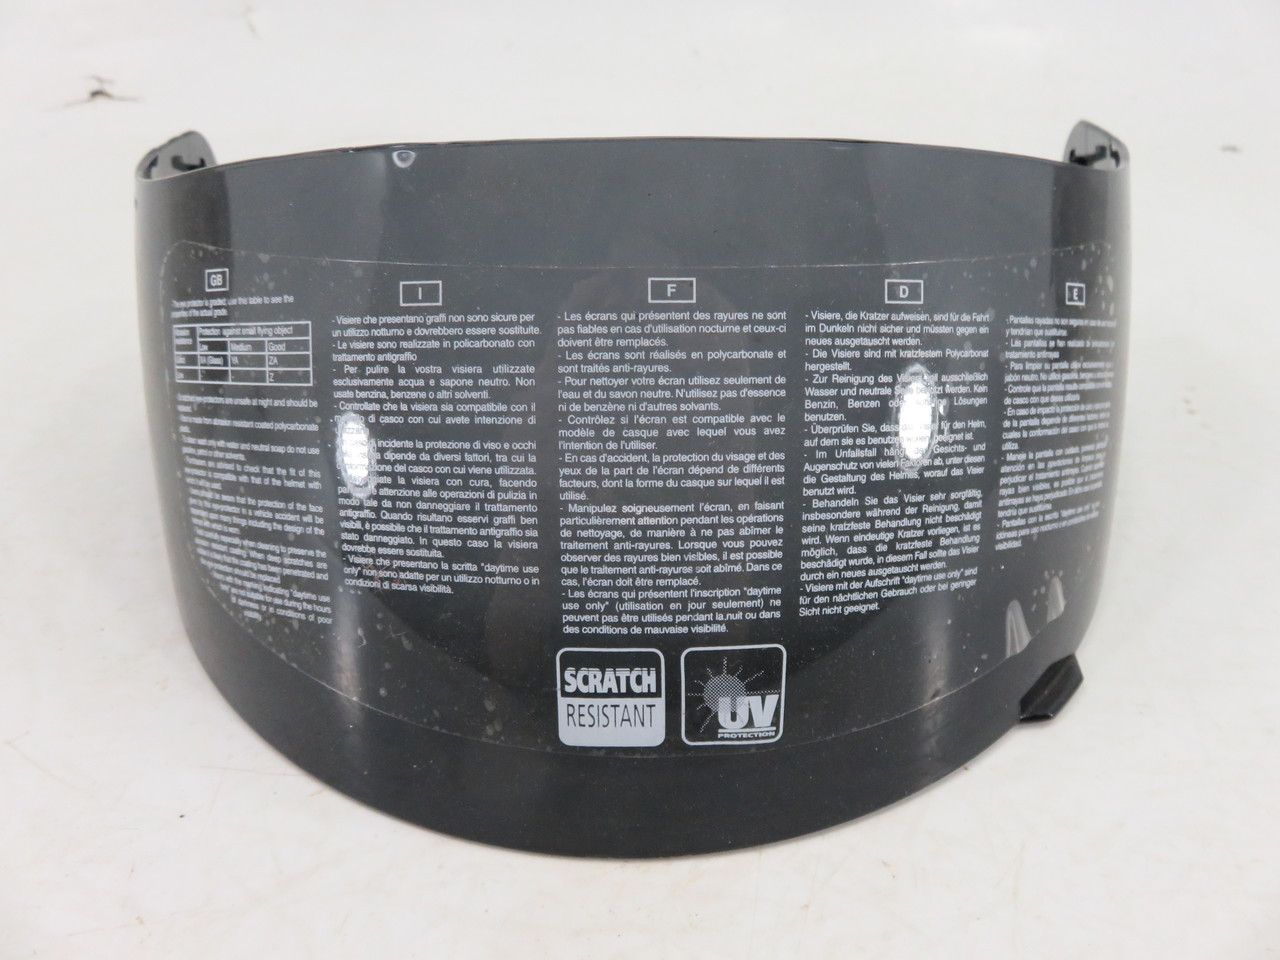 AGV Dark Smoke Helmet Shield
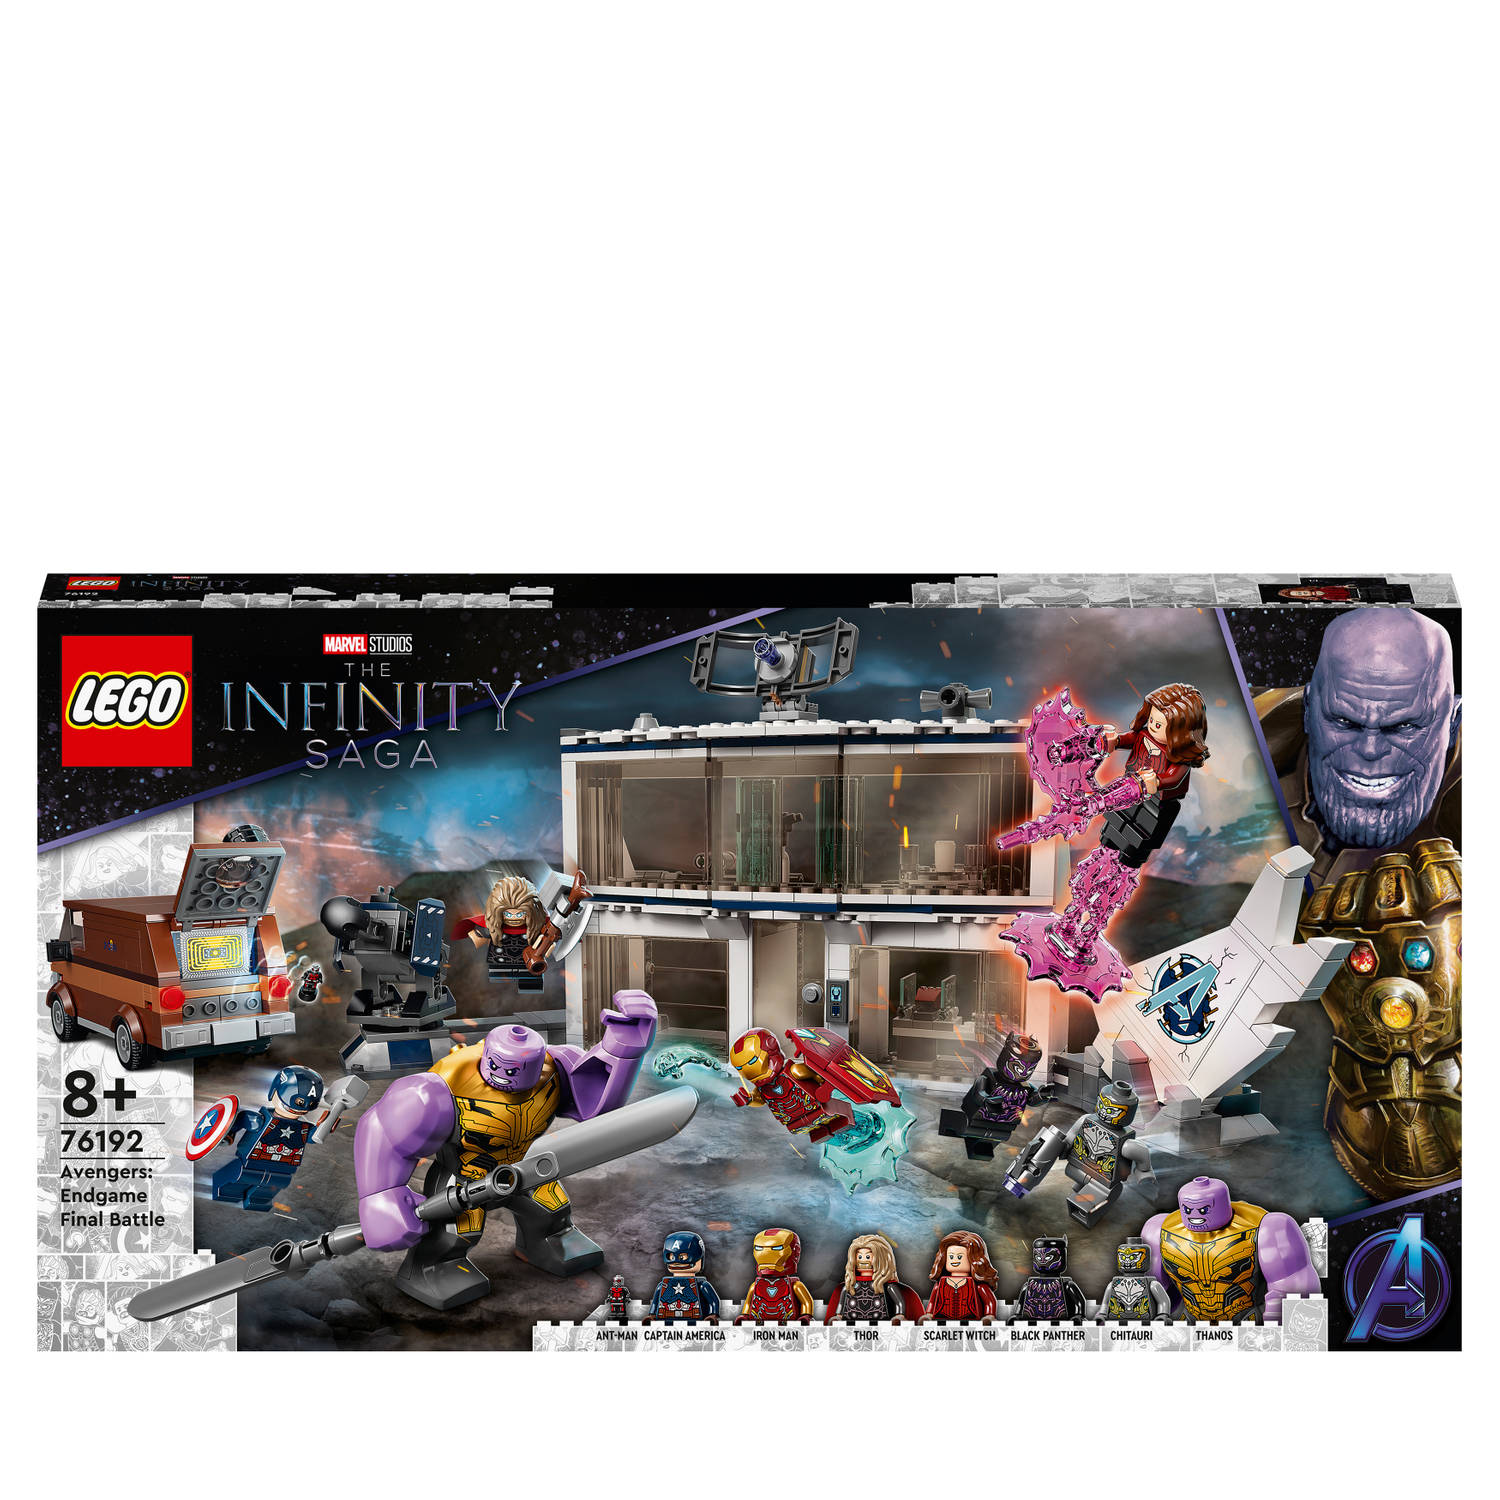 LEGO Marvel Super Heroes Marvel Avengers: Endgame Final Battle Set 76192
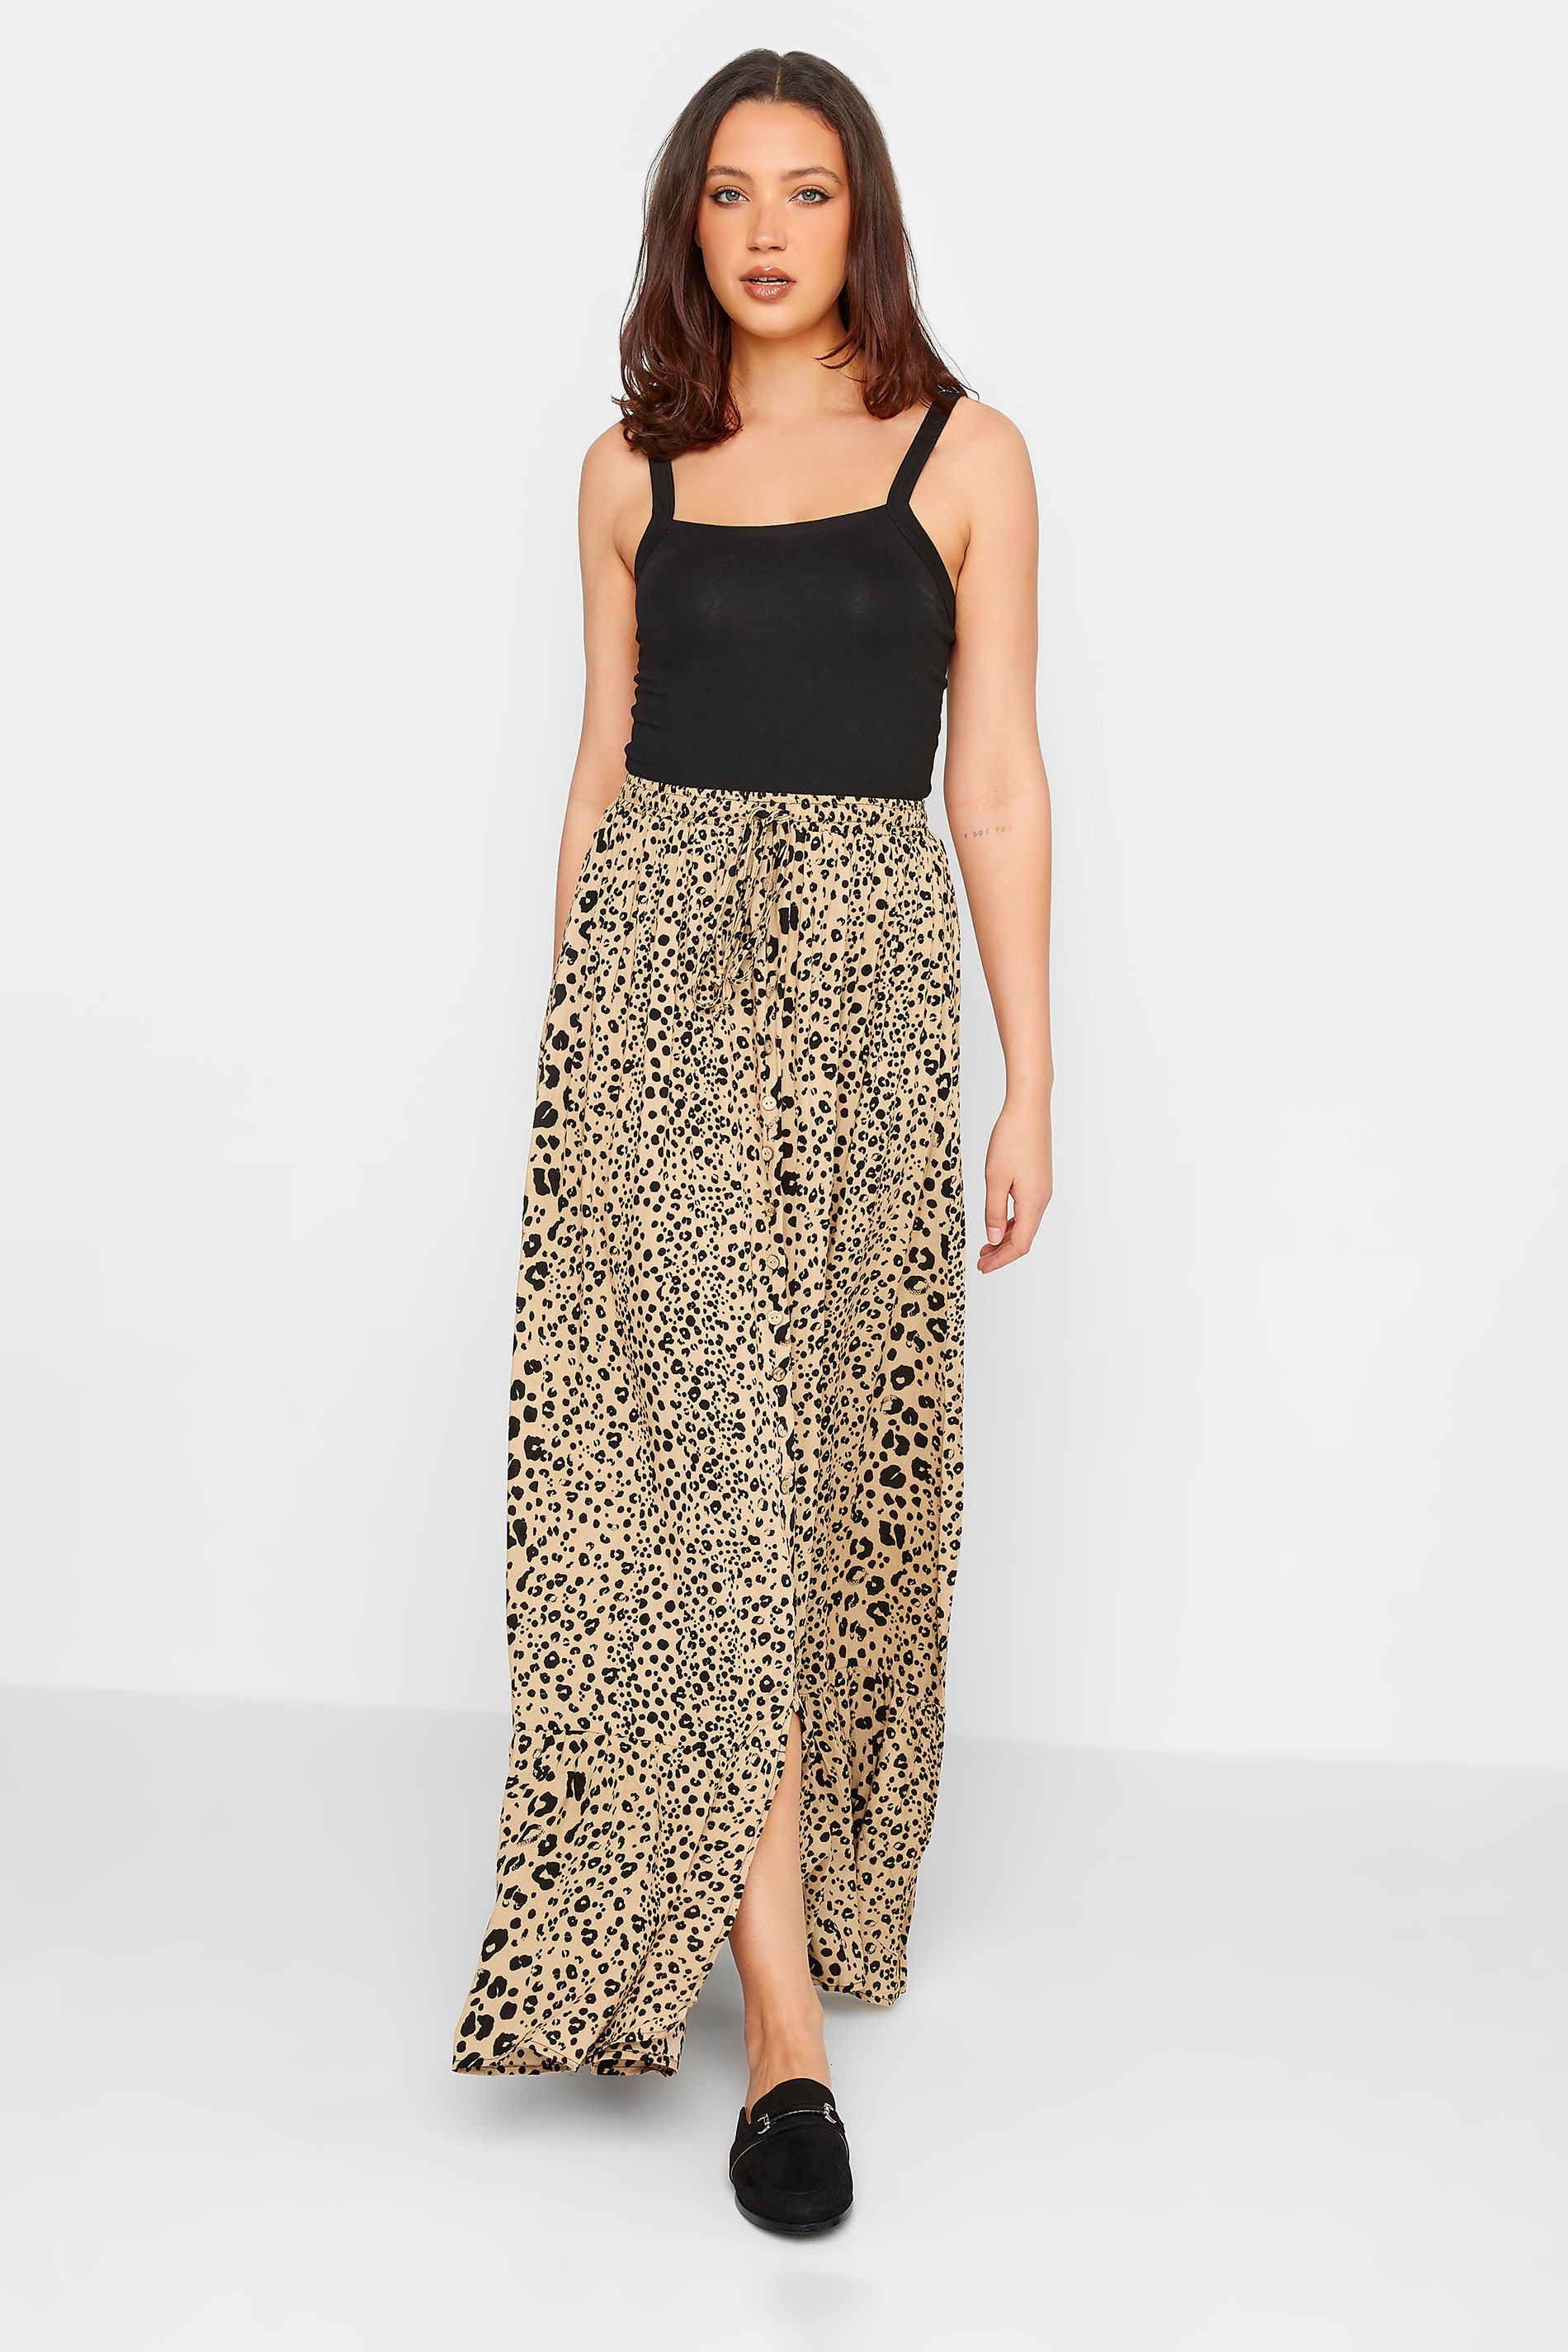 LTS Tall Women's Natural Brown Leopard Print Maxi Skirt | Long Tall Sally 2

== Work request ==
Could the lines above be copied out exactly, with no image carried over?

== Task result ==
 AGV Dark Smoke Helmet Shield
 LEGO Marvel Super Heroes Marvel Avengers: Endgame Final Battle Set 76192
 LTS Tall Women's Natural Brown Leopard Print Maxi Skirt | Long Tall Sally 2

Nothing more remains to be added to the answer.